2)An American was in pink.
3)Facebook got all fucked up.
I found PeeWee's bike. The princess from Spaceballs has it and she is doing an Italian River Tour on it. Luckeeeeeeee
Excellent Working Dear Friend Nice Information Share all over the world.cheap bicycle shops london.God Bless You.olympic park cycles
Saw the werewolf, a Chinese menu in his hand
walkin the streets of Soho in the rain
lookin for a place called Lee Ho Fook's
gonna get a big bowl of beef chow mein...
Cipo's got a hugh Laurie look going on. Or vice versa.
Panties!
Panties!
Better late than always.
Scranus!
oh, and Latern rouge WeedPanties
under my lab coat
and googles
Where's the nekkid chicks? I hear them yur-a-peein wimmen like to run around topless.
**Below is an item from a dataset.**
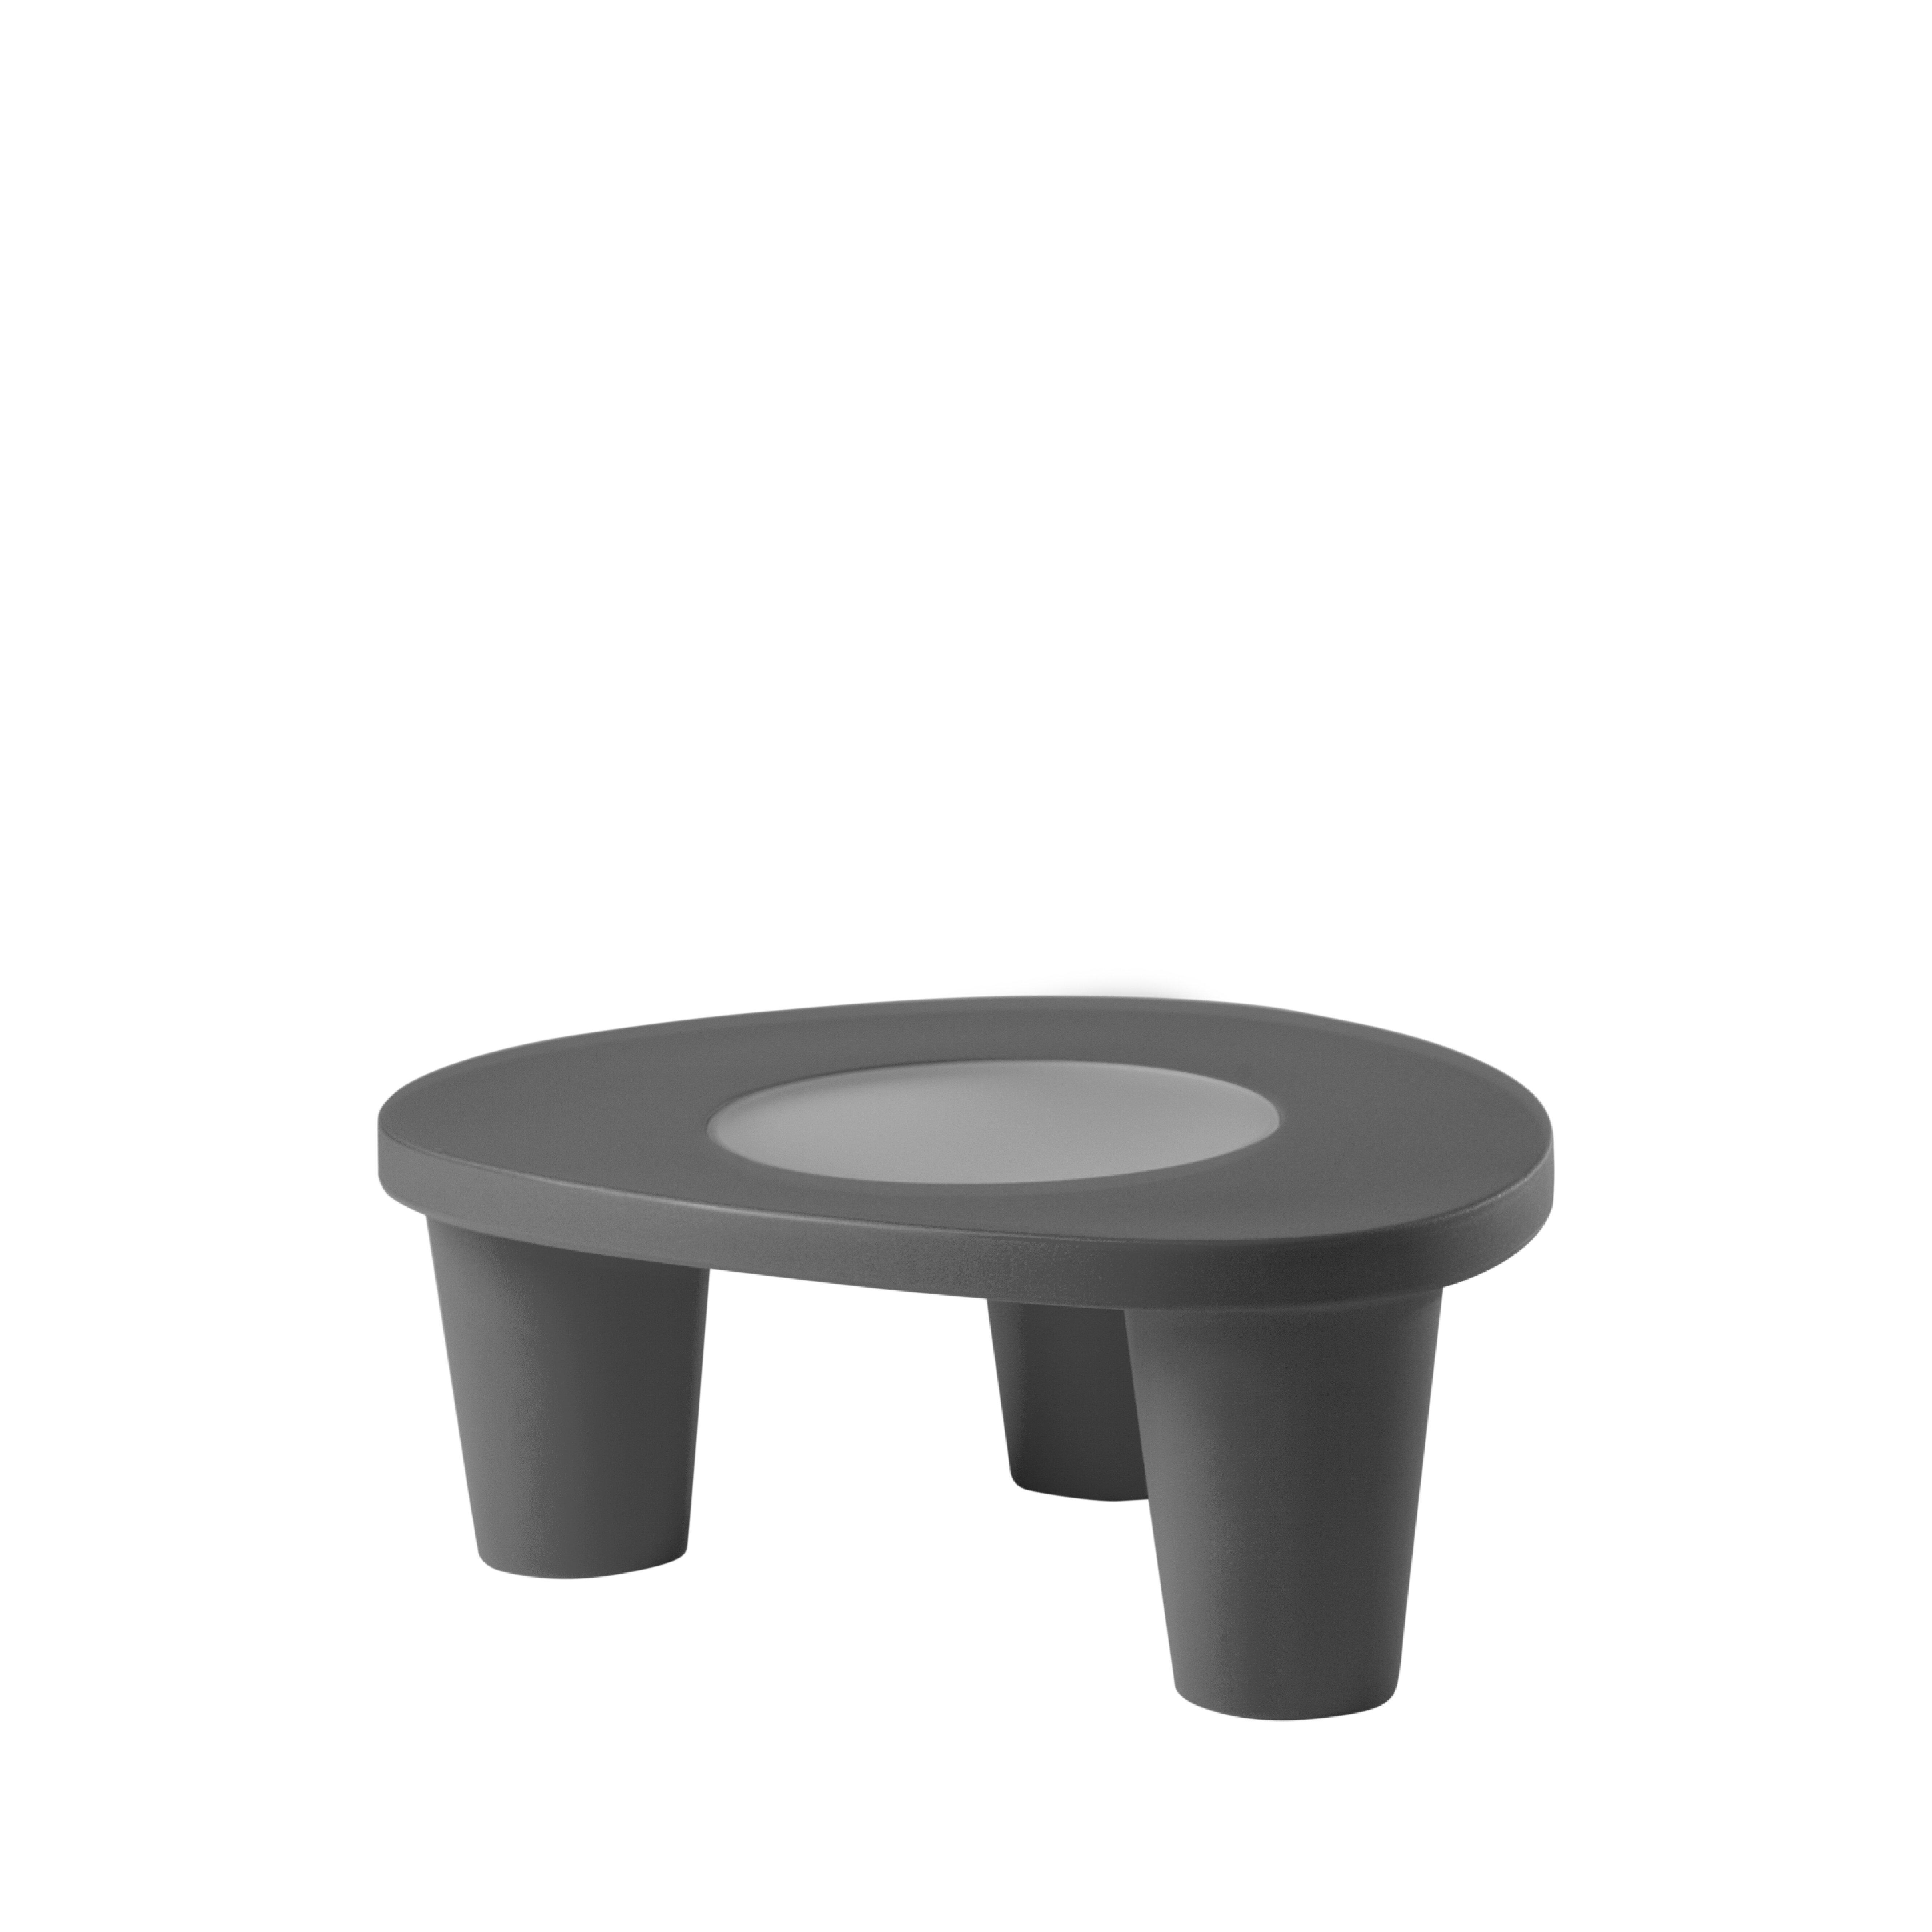 Low Plastic Coffee Table: Brayden Studio Low Gatun Plastic Coffee Table

Cipo's got a huge lorrie thing going on - in his trousers.
Phew, all of Europe in 5 days. This makes you twice as fast as any Japanese tourist.
Basically, you've seen it all. It's all the same: bunch of weirdos running around with dagger canes in front of an olden days backdrop und muttering incomprehensible syllables.
But, seriously: You should have been taking your time. You sound rather exhausted than pleased.
Next European BRA Tour: Please don't leave out Berlin.
Hope, you'll recover well and get your bearings back.
Middle-aged German tourist
wishiwasmerckx
@ May 16, 2012 9:59 AM
You win the 'Spend a night at the Hollywood Roosevelt Hotel, Hollywood, California in the 'Rudolf Valentino Suite' with the late Warren Z.
Those of you who are telling Snob he should've taken more time in Europe to smell the _____ must not have a spouse and young child at home. Galavanting around overseas, while your spouse is at home on pee, poop, and puke duty does not earn one any points.
Poop Doody, double negative son.
Jet laggy Wednesday.
Lee Ho Fook,
You mean to tell me that Warren G is dead? Who's gonna regulate?
Oh, wait, never mind...
More pictures would be appreciated, also whats all this podium non-sense in the comments section?
Very interesting topic here in your site. Keep on posting this kind of topics. Very useful indeed.